Even though the Lions are ranked just 23rd in the NFL in rushing, Johnson provided the team a shot in the arm, averaging 5.4 yards a carry and contributing 641 yards on the ground. Along with short-yardage extraordinaire LeGarrette Blount, the pair gave the Lions some oomph in their ground game in which they hadn’t had in years.

Quarterback Matthew Stafford remains one of the NFL’s most dangerous passers. Possessing one of the game’s strongest arms, in recent years he has also developed a mind and accuracy to match. According to the MMQB’s Andy Benoit, “Stafford continues to make the big-time, tight-window passes that he has always made – he’s especially deft throwing deep outside against Cover Two – but in coordinator Jim Bob Cooter’s system, we’ve seen him play with more maturity.

“His bold throws are now also good decisions. Cooter has helped Stafford by using straightforward, static formations. The presnap stillness gives Stafford a clearer picture of defenses.”

The trade of Golden Tate to the Philadelphia Eagles and the loss of Marvin Jones for the season with a knee injury would make one think that the Lions are lacking in weapons for Stafford. Not so. The emergence of Kenny Golladay as a legitimate threat at wide receiver, the presence of one of the NFL’s best receiving backs in Theo Riddick and the underrated Luke Willson all are playmakers who can give the opposition fits – especially Riddick, whose speed and quickness makes him dangerous on angle and option routes.

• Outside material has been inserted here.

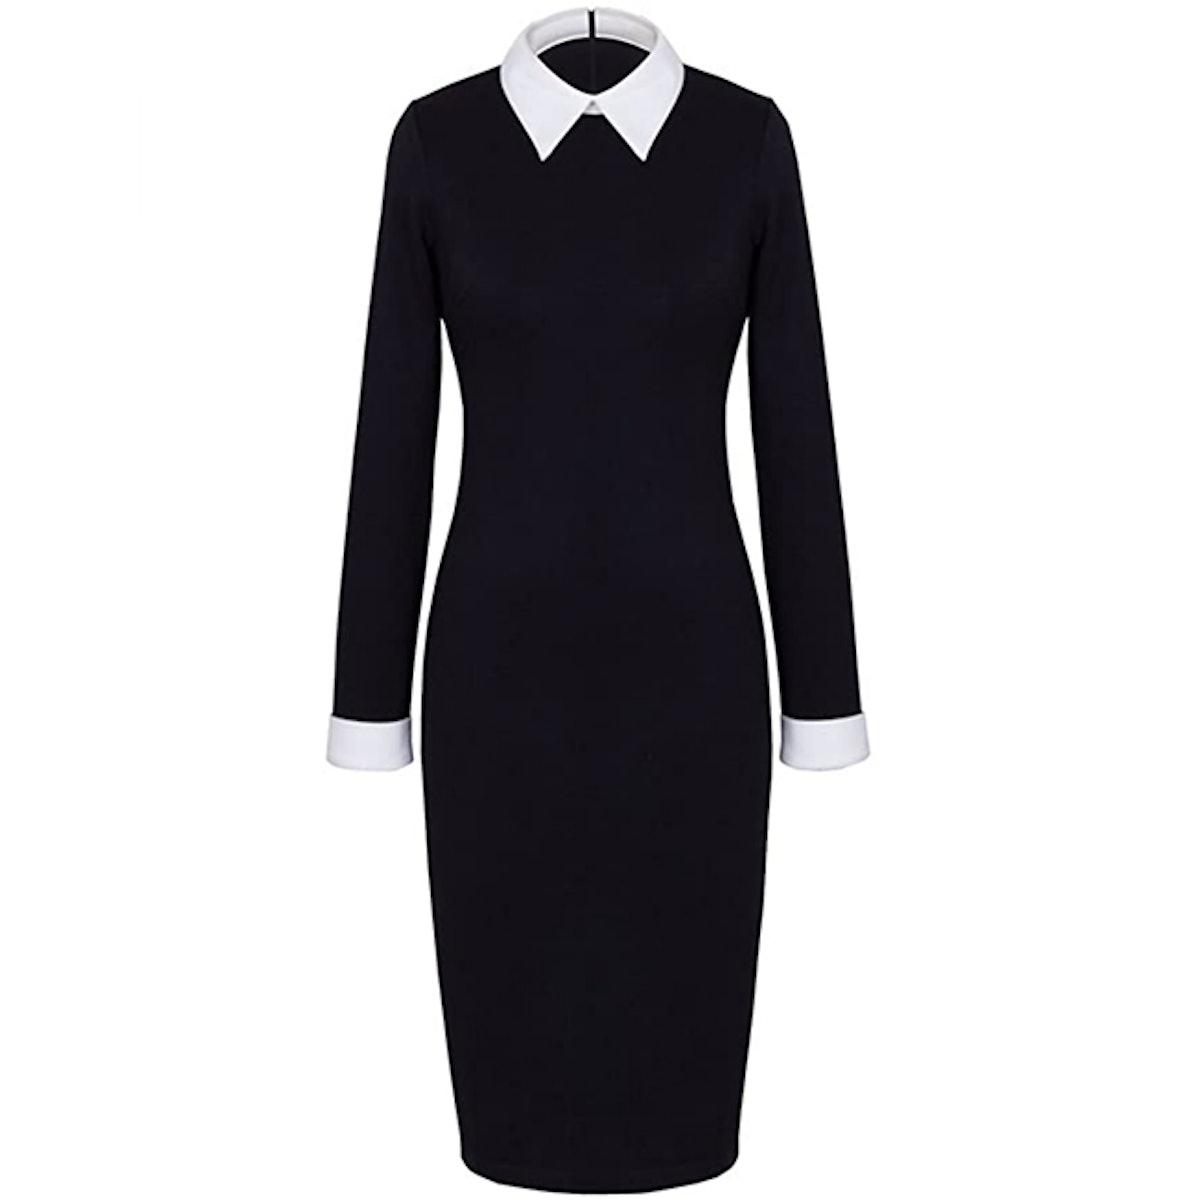 HOMEYEE Turn Down Collar Dress

Ragnow teams up with Taylor Decker and the injured Rick Wagner to give Detroit the nucleus of an offensive line that could eventually become one of the league’s better units.

THIS AND THAT

  • With Matt Patricia taking over Detroit this season, he brought three colleagues of his from New England to help make over the Lions. Former Patriots coaches now on the Lions’ staff include quarterbacks coach George Godsey, offensive line coach Jeff Davidson and strength and conditioning coach Harold Nash, and former Patriots safety Steve Gregory is a defensive assistant.
  • Patrick Mularkey – son of former Bills head coach Mike Mularkey – is an area scout for the Lions.